The number one mistake that I and many other people new to squats make is to look up. We're either looking in the mirror to evaluate our form or we are looking at our waist directly. Either way the head is not in an anatomically neutral position. It's amazing how a small adjustment like that can fix balance problems or back position problems.

To deal with flexibility, there are a few stretches that help out, and I recommend doing them before you start your session:

  • Lunge stretches. Improves hip-flexor mobility and calf/ankle mobility. Both feet should be flat on the floor and you should keep your body vertical as you push your hip forward.
  • Body weight squats. Hold your position at the bottom and push your knees out with your elbows. The crease of your hips should be below the top of your patella, and your balance should be in the middle of your foot. Hold it for about 10 seconds and do it at least twice. Memorize the way your body feels in this position, it's what you are trying to do when you have the weight on your back.

To deal with balance, there are a couple of variations with the squats to help you learn your body position:

  • Blocks in front of your knees.

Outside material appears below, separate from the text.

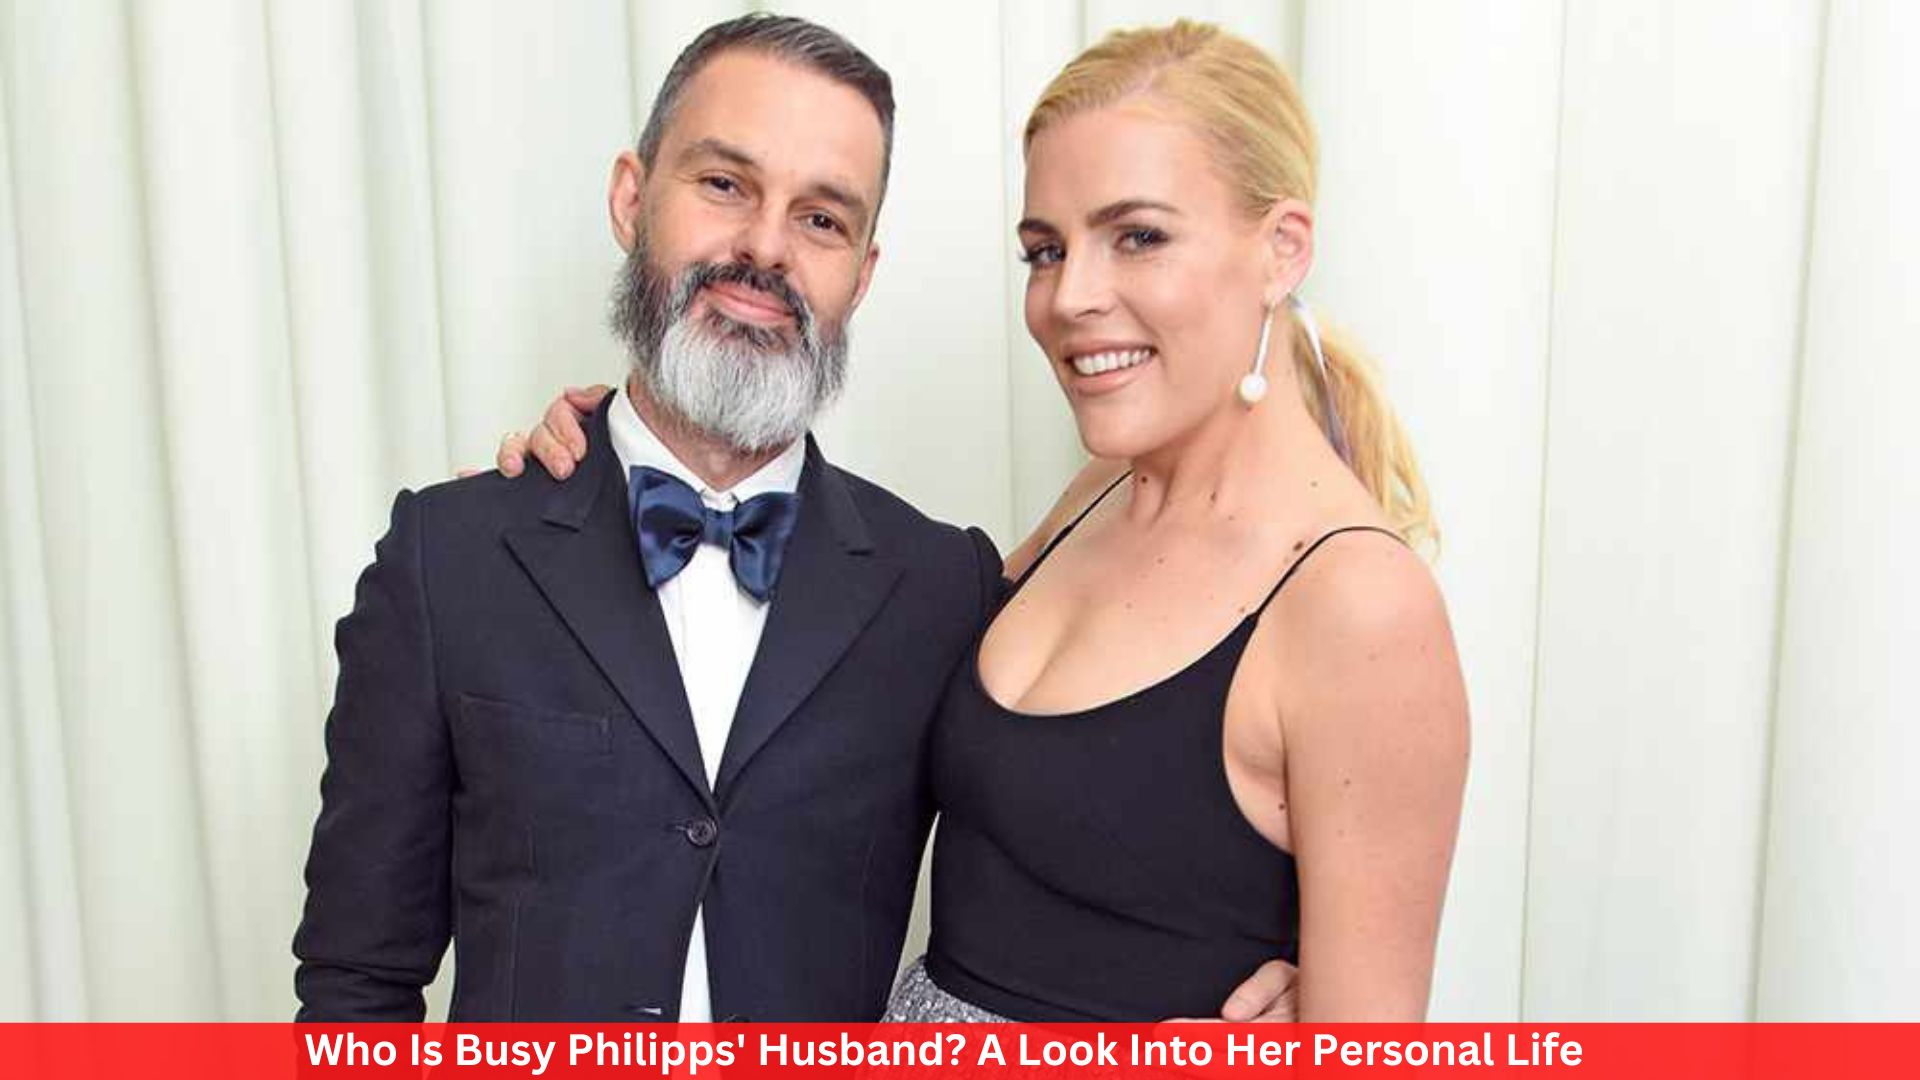 Who Is Busy Philipps' Husband? A Look Into Her Personal Life

The blocks should be tall enough so that your knee can touch it, and placed about 1-2 inches in front of your toes. When you squat touch the block with your knees but don't knock it over.
  • Block under your butt. The block should be low enough so that the crease of your hips is below your patella, and positioned so that when your knees are at the right position you will touch the block with your butt, but not sit on it.

These variations help you to learn proper body position and get a better kinesthetic sense of yourself during the exercise. Remember with squats you are lowering your hips, not your back. If your hips aren't getting low enough it will throw off your balance as well (pushing your balance on your toes). The bar should always be over mid foot, as should your weight.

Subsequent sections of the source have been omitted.